This is also why I think the coroutine interpreter really isn't that interesting. :) Like, it's a fun bit of machinery and it's not super trivial to get it right, but it's also highly undifferentiated. We all do the same things here because we all do the optimal things. What's interesting is how we handle program definition and what tradeoffs we choose to make in the scheduling layer (which is to say, what sorts of applications and infrastructural environments we are choosing to optimize for).

fwbrasil Jan 2, 2025

There was a bunch of relevant handwave about the caveats of comparing apples and oranges, but the results showed that Kyo was significantly faster than virtual threads (iirc about 1-2 orders of magnitude), and at the time

Yes, Kyo's benchmark suite shows major performance issues in Loom with more heavyweight async execution. As you mentioned, I'd be careful to assume that'll be the case for long. The main bottleneck is currently the ForkJoinPool, which doesn't have good scalability.

Kyo and Cats Effect were roughly comparable in terms of straight-line performance on the types of measurements you did.

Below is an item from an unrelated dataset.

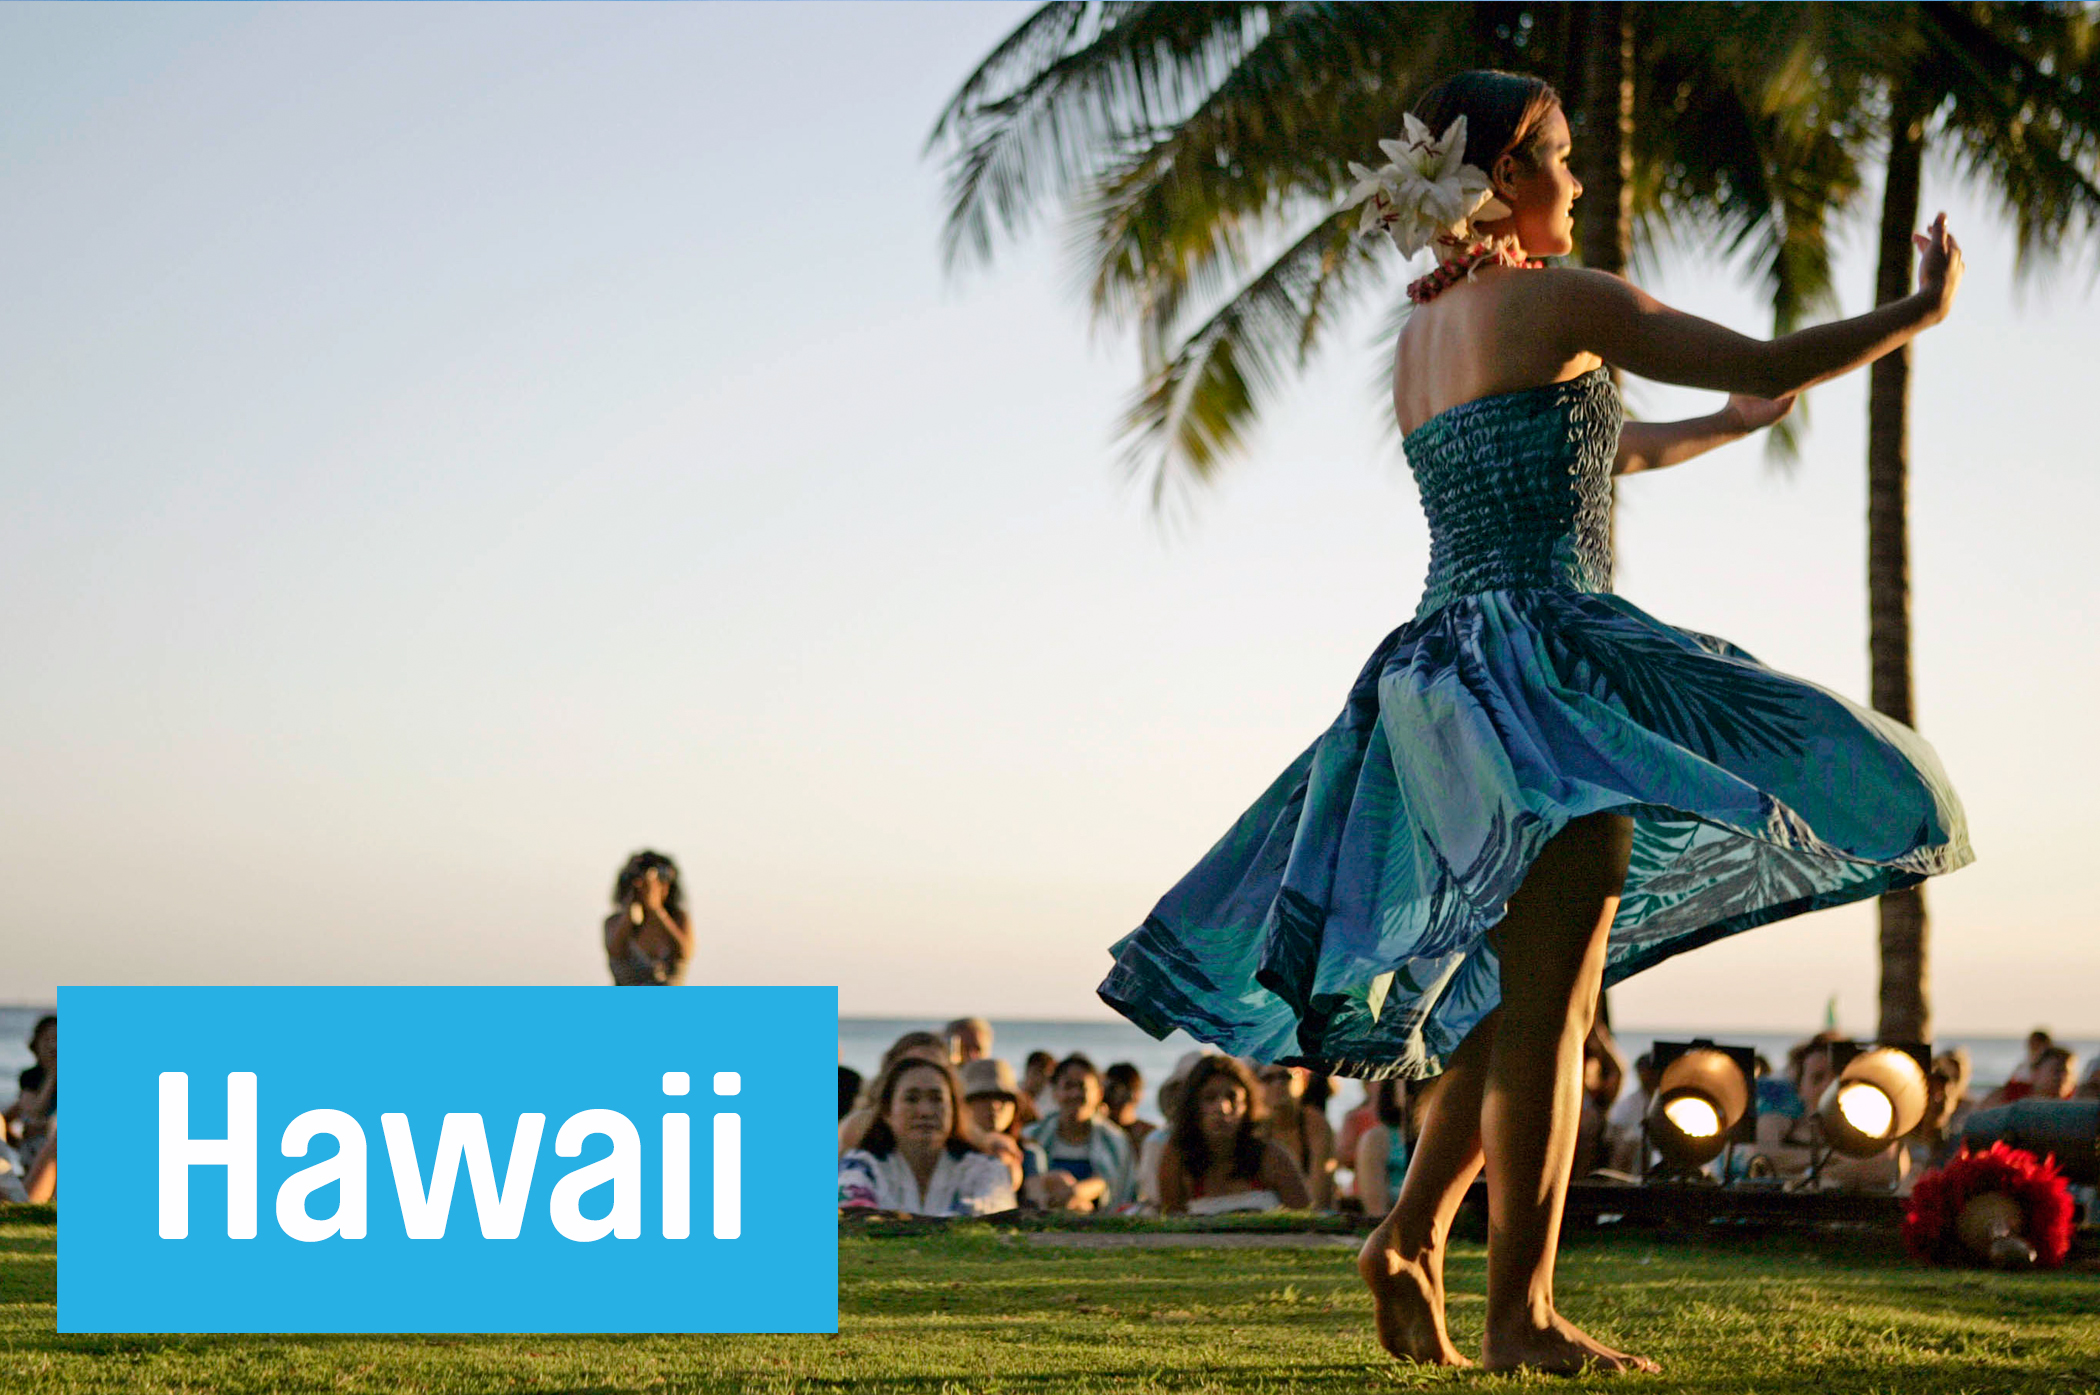 Watch Polynesian hula dancers get down near the Hyatt Regency Waikiki, at the waterside <a href="http://www.waikikiimprovement.com/waikiki-calendar-of-events/kuhio-beach-hula-show" target="_blank">Kuhio Beach Torchlighting and Hula Show</a>. And don’t forget to say mahalo.

As far as I remember, Kyo's benchmark results consistently outperforms cats-effect since the very beginning and that continues to be the case. I won't be sharing the benchmark results given the past issues I had with the Typelevel community but I'd be more than happy to analyze benchmarks in case you have any evidence of the contrary. Link to Kyo's benchmarks: https://github.com/getkyo/kyo/tree/main/kyo-bench/src/main/scala/kyo/bench

Anyway, to be more clear about definitions… Program definition is the API that users interact with. So for Cats Effect, that's IO and all its associated free monad ++ machinery. ZIO is almost identical in this respect. For Kyo, this would be the inline and opaque type DSL and its related harnesses.

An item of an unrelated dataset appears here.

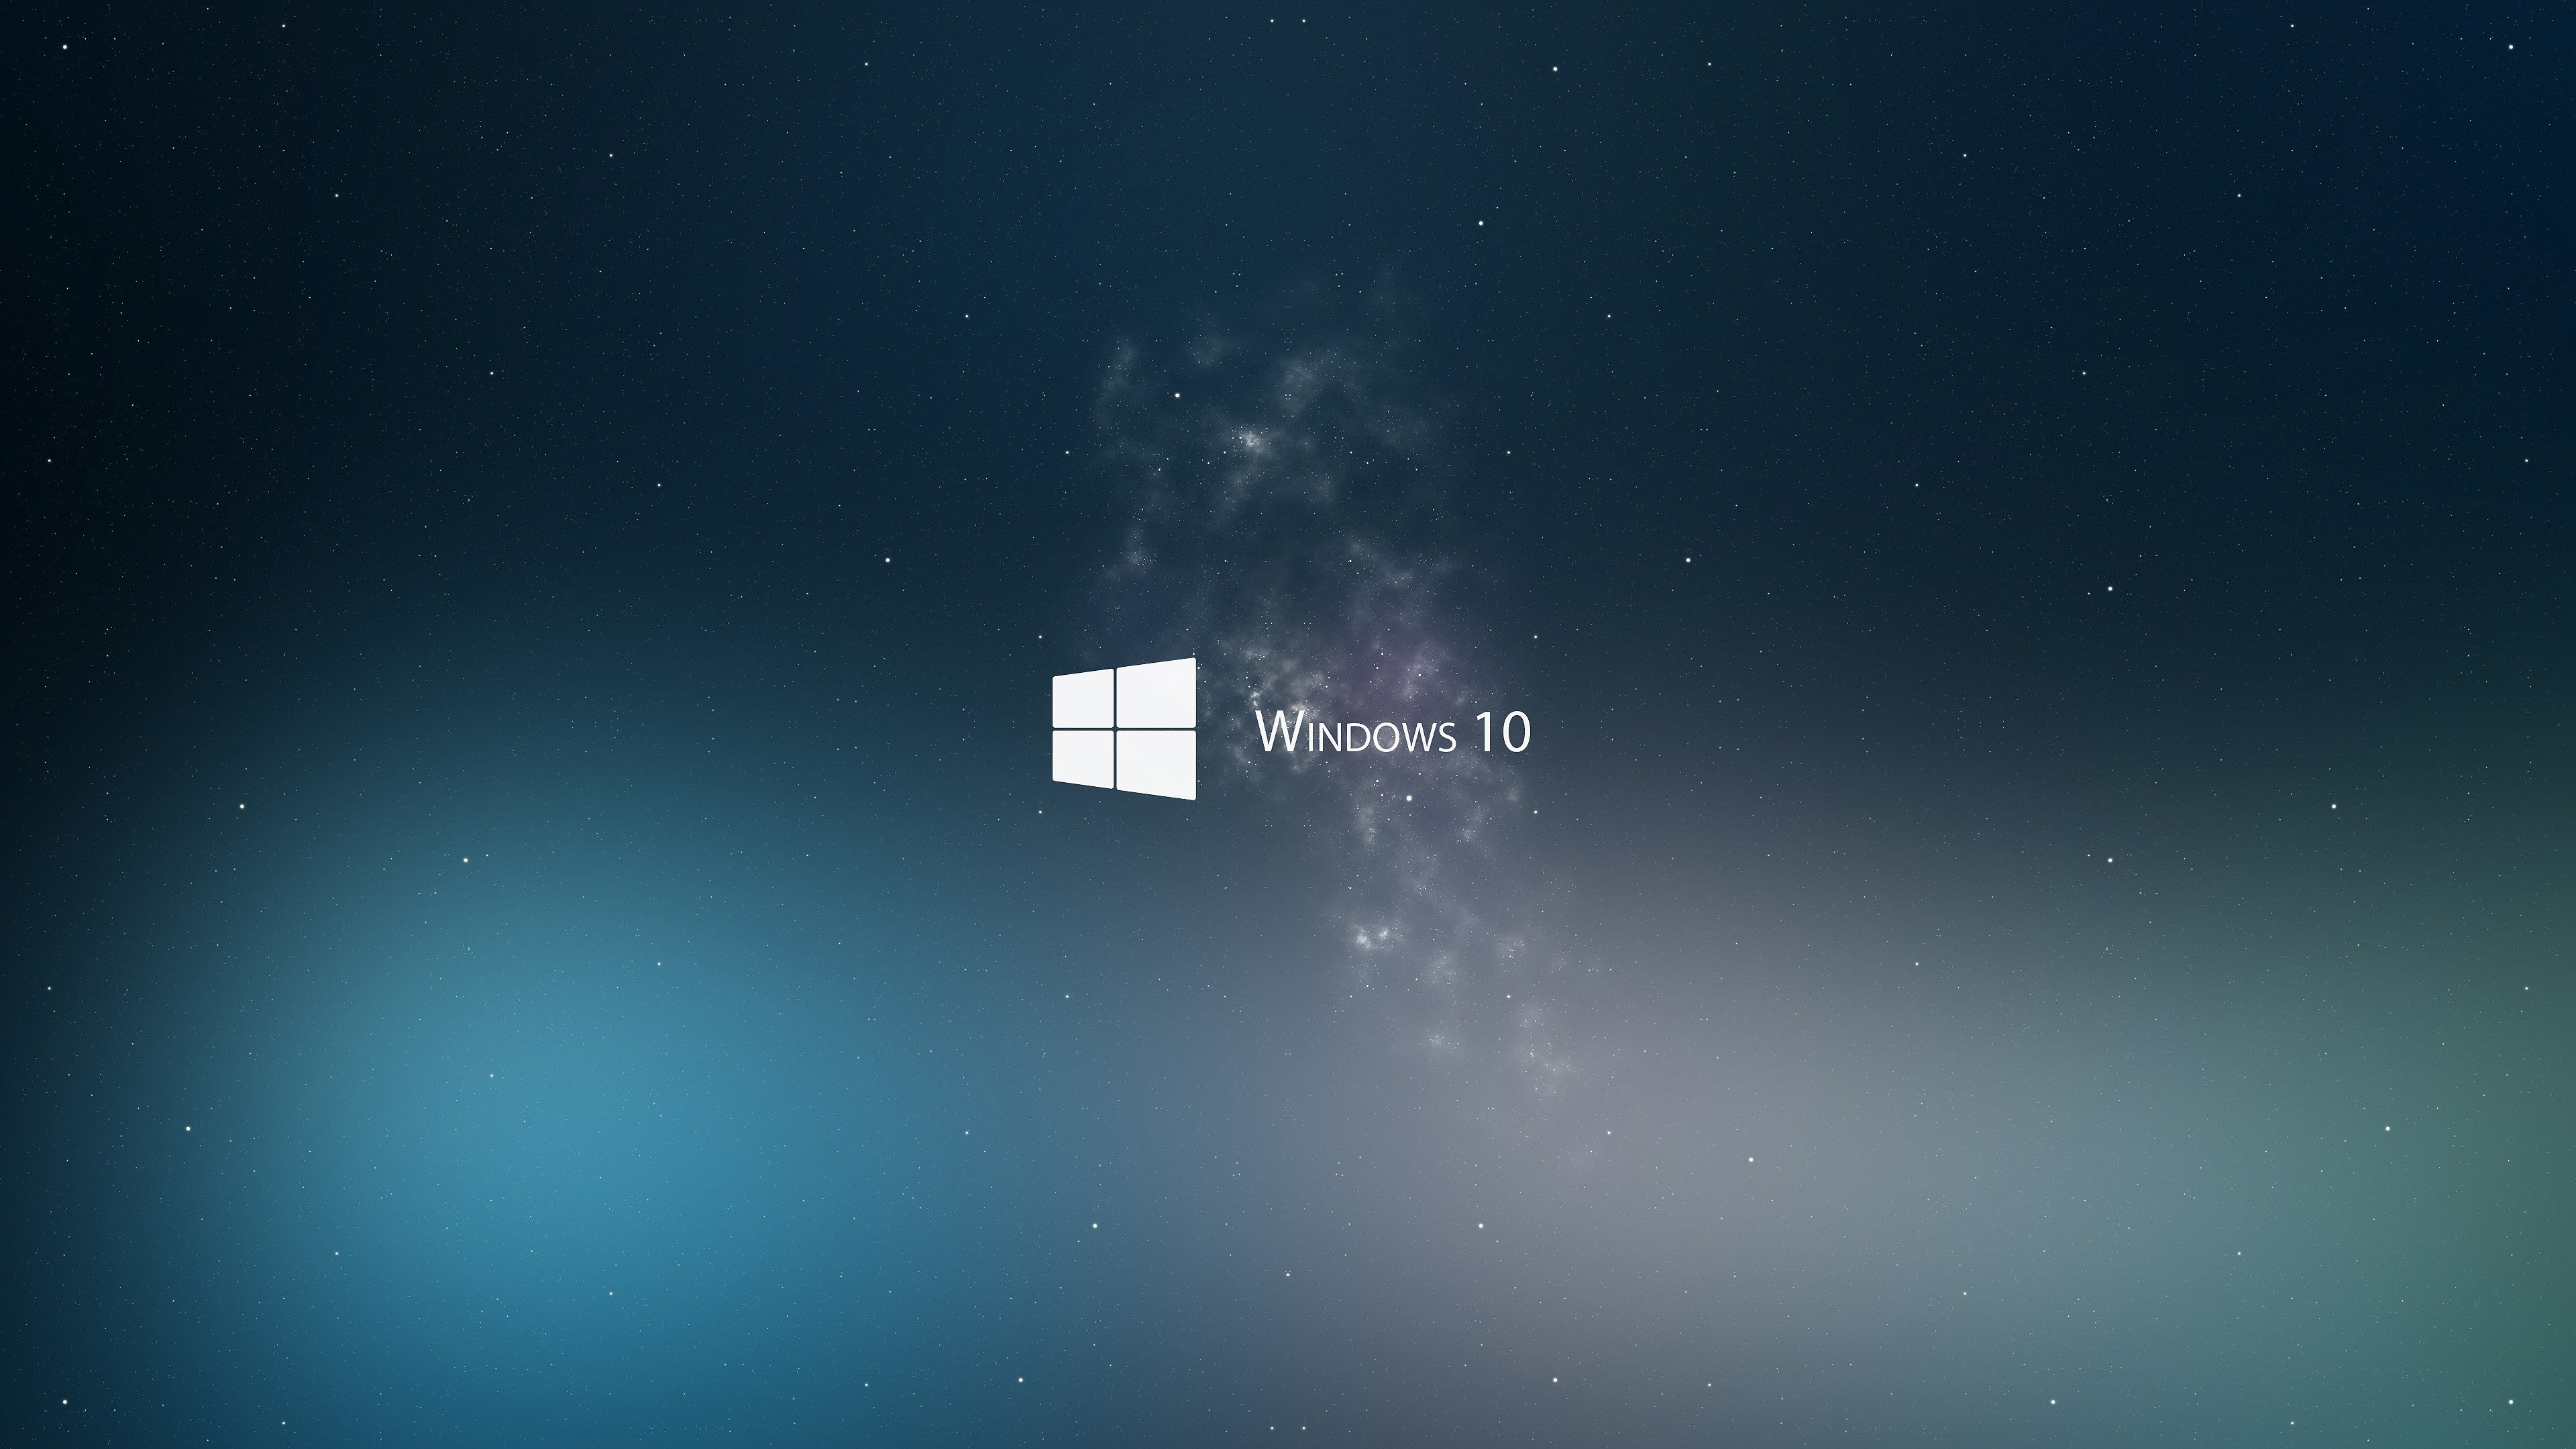 Windows 10, Graphic design Wallpaper

Can you clarify if you're attempting to place Kyo in a different category from cats-effect and ZIO? It's an effect system based on a monad and side effects are properly suspended like the other effect systems. I'd appreciate if you could share concrete examples in case you'd like to challenge that.

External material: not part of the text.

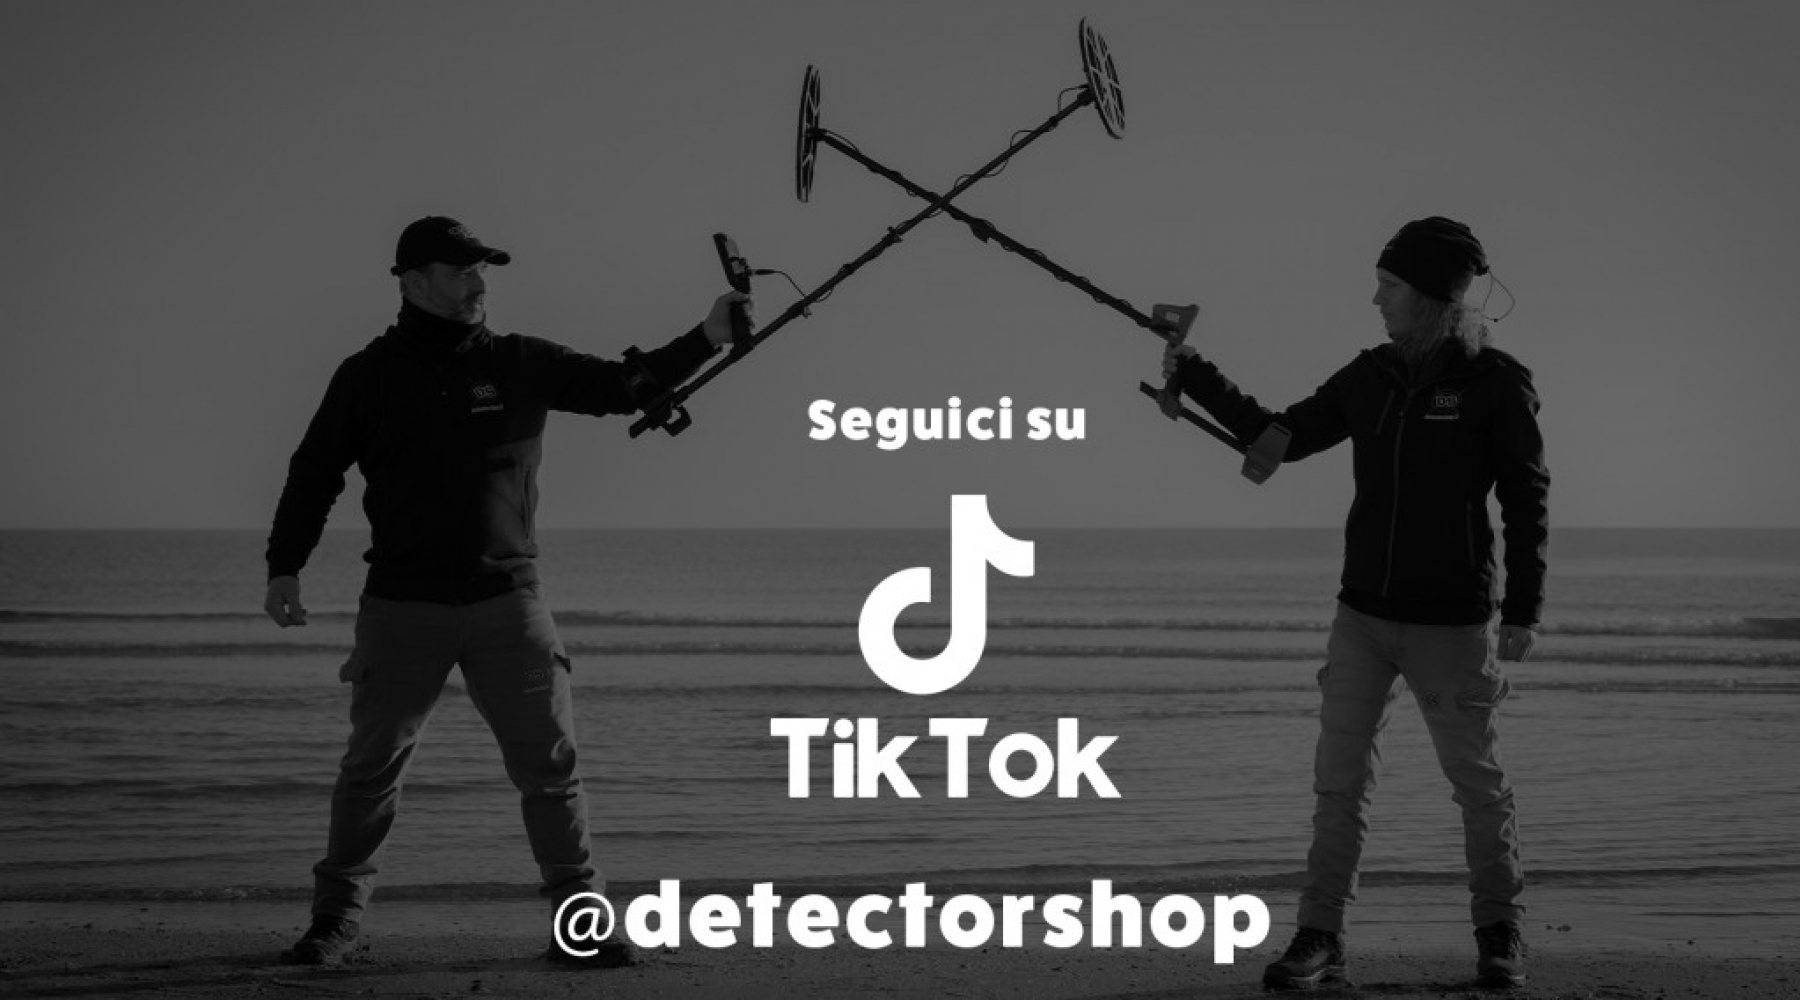 Explore Metal Detecting with Detectorshop on TikTok!

Kyo and Cats Effect choose a very different set of tradeoffs in their schedulers, for example, and we can discuss those tradeoffs entirely independently of the fact that we also chose different tradeoffs in the program definition layer (Kyo doesn't use a free monad suspension).

Again, I'd appreciate if you could avoid making assertions regarding Kyo. The interaction would be easier if you phrase these as questions. Kyo's monadic encoding is an innovation but has quite similar characteristics to free monads.

Put another way, Kyo could just as easily have built a scheduler very similar to Cats Effect's (or even used Cats Effect's scheduler directly!) without making any changes in its program definition or coroutine interpreter. The inverse is likely also true.

Yes, that's very true. We introduced an integration to enable using Kyo's scheduler in ZIO applications some time ago and have been observing positive results. I also recently worked on a similar integration for cats-effect. I'd encourage you giving it a try. The results might be surprising, especially in environments with the CPU quotas when the system is under pressure.

Nor will Kyo or ZIO or LLVM or Rust… etc, because ultimately we're all bounded by the nature of the underlying hardware architecture.

Having worked with performance engineering for a few years, I find this assertion odd. It seems you're claiming that IOFiber couldn't possibly be further optimized? Looking at the code, I see several optimization opportunities. I think your mental model might be skewed by isolated benchmarks. In those, it's quite easy for the JIT compiler to optimize the execution of IOFiber but, in more realistic workloads, the code becomes much more dynamic and hot call sites can't be optimized. I introduced getkyo/kyo#621 to populate the JIT profile in Kyo's benchmark suite some time ago. I'd encourage inspecting cats-effect's results with it on as there's a regression.

Kyo's equivalent of IOFiber would be IOTask. The implementation is better optimized with significantly smaller memory footprint. Another important differentiator is that, given the enhanced composability of algebraic effects, the fiber machinery has to handle only async boundaries. Other effects, including IO for side effects, are completely separate from the fiber machinery.

djspiewak Jan 2, 2025
Maintainer

You put a lot forward in your reply and I don't think it's that interesting to get drawn into a back and forth on comparative benchmarks, so just to briefly summarize a response, I have examined your benchmarks in the past and I dispute your conclusions. We have also done deeper analyses on more specific things that you've remarked upon as being flaws within the Cats Effect implementation (I vaguely remember a twitter thread from a year or two ago, but I could be misplacing the timeline) and found your conclusion was precisely the opposite of what the JIT actually does, which is in fact why we wrote the implementation the way we did.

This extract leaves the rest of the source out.